A Python implementation of the Diffusion Maps algorithm for non-linear dimensionality reduction, designed to follow scikit-learn conventions.
Diffusion Maps model data as a graph and analyze the diffusion process (random walk) on this graph. This allows capturing the underlying geometry and connectivity of the data, embedding it into a lower-dimensional space where Euclidean distances correspond to "diffusion distances" in the original space.
- Implements the Diffusion Maps algorithm with alpha-normalization.
- Scikit-learn compatible API (
fit
,transform
,fit_transform
). - Nystrom extension for out-of-sample transformation.
- RBF (Gaussian) kernel for affinity calculation.

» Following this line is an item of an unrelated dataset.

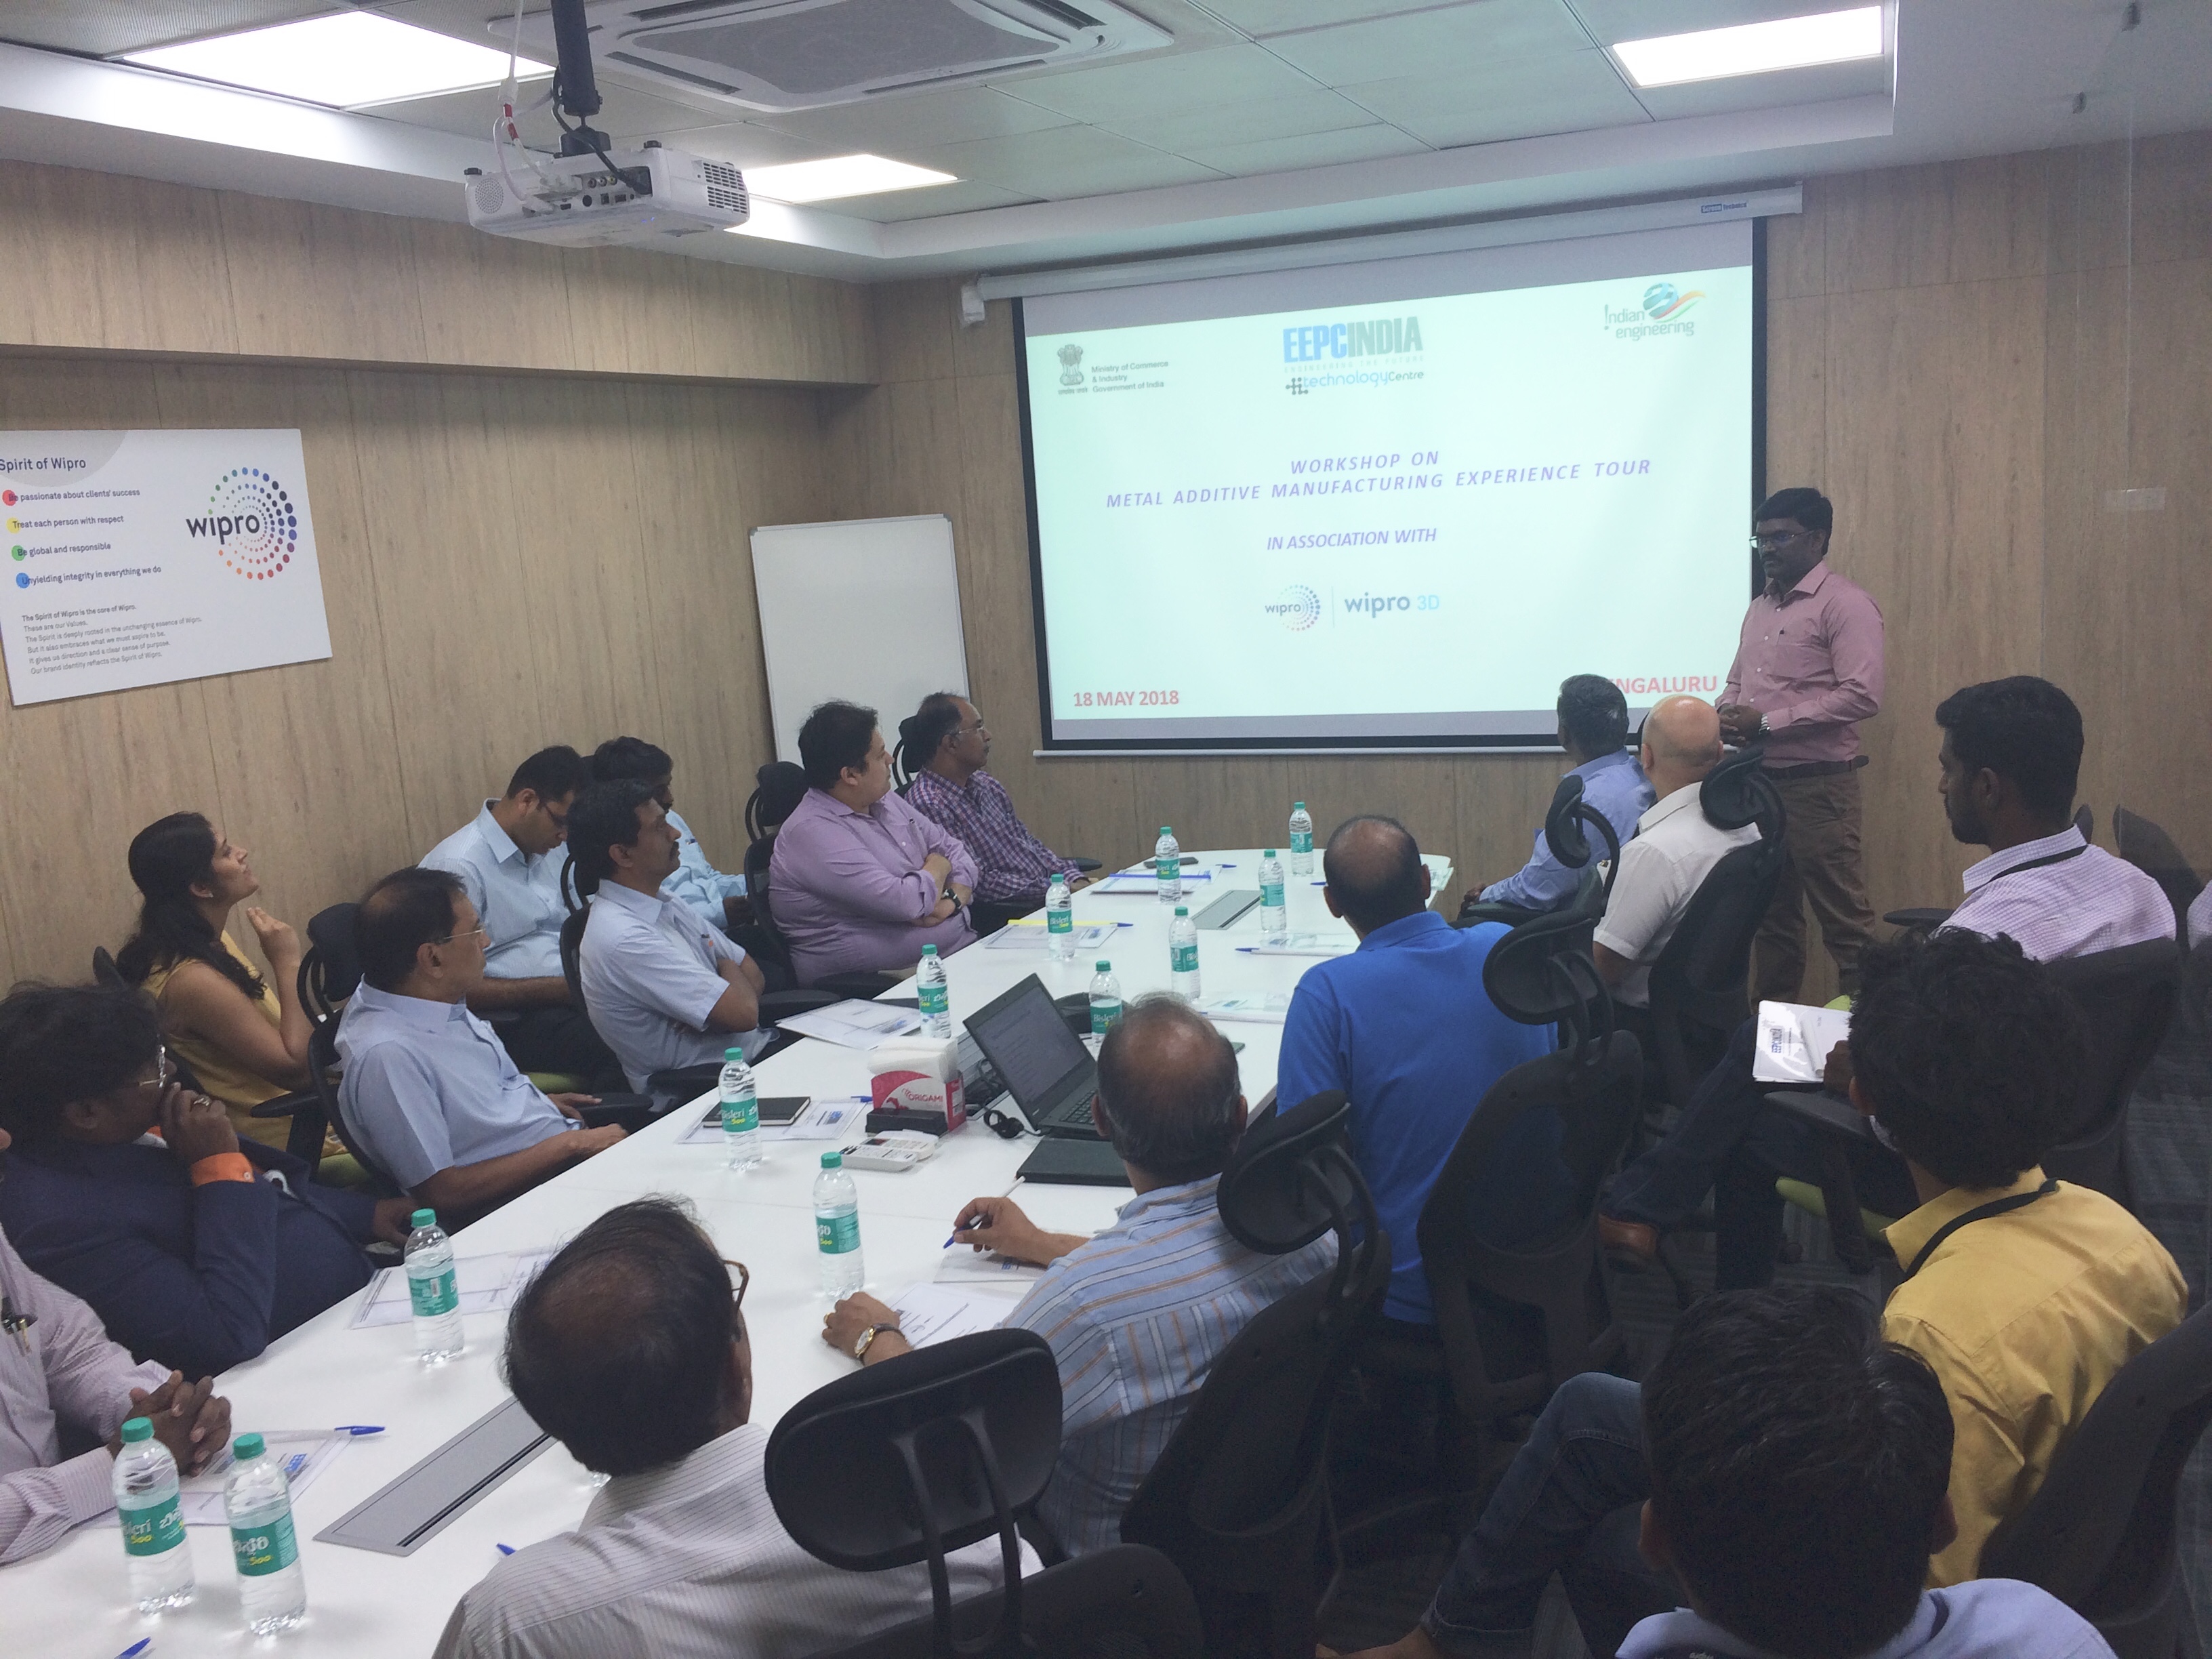 talk by D Karthikeyan - Asst Head of Technology Centre

- Configurable diffusion time steps (
steps
).
You can install this package directly from GitHub using pip:
pip install git+https://github.com/sgh14/diffusion-maps-with-nystrom.git
Or, to install a specific version (e.g., v0.1.0 tag):
pip install git+https://github.com/sgh14/diffusion-maps-with-nystrom.git@v0.1.0
Here's a basic template of how to use the DiffusionMaps class:
from diffusionmaps import DiffusionMaps
# Prepare your data
X_train = ... # Your training data
# Initialize and fit the Diffusion Maps model
dm = DiffusionMaps(n_components=2, sigma=2.0, steps=1, alpha=0.5)
embeddings_train = dm.fit_transform(X_train)
# Use Nyström's method for embedding new data
X_new = ... # New data
embeddings_new = dm.transform(X_new)
The main class is diffusionmaps.DiffusionMaps.
DiffusionMaps(n_components: int, sigma: float, steps: int = 1, alpha: float = 0.0)
-
n_components
: Target dimensionality. -
sigma
: Scale parameter for the RBF kernel ($\exp(-||x-y||^2 / (2 \sigma^2))$). Controls locality. -
steps
: Diffusion time (exponent t for eigenvalues lambda^t). Default is 1. -
alpha
: Kernel normalization parameter (0.0, 0.5, or 1.0 are common). Controls density influence.
See the class docstrings for detailed information on methods and attributes.
This project is licensed under the MIT License - see the LICENSE file for details.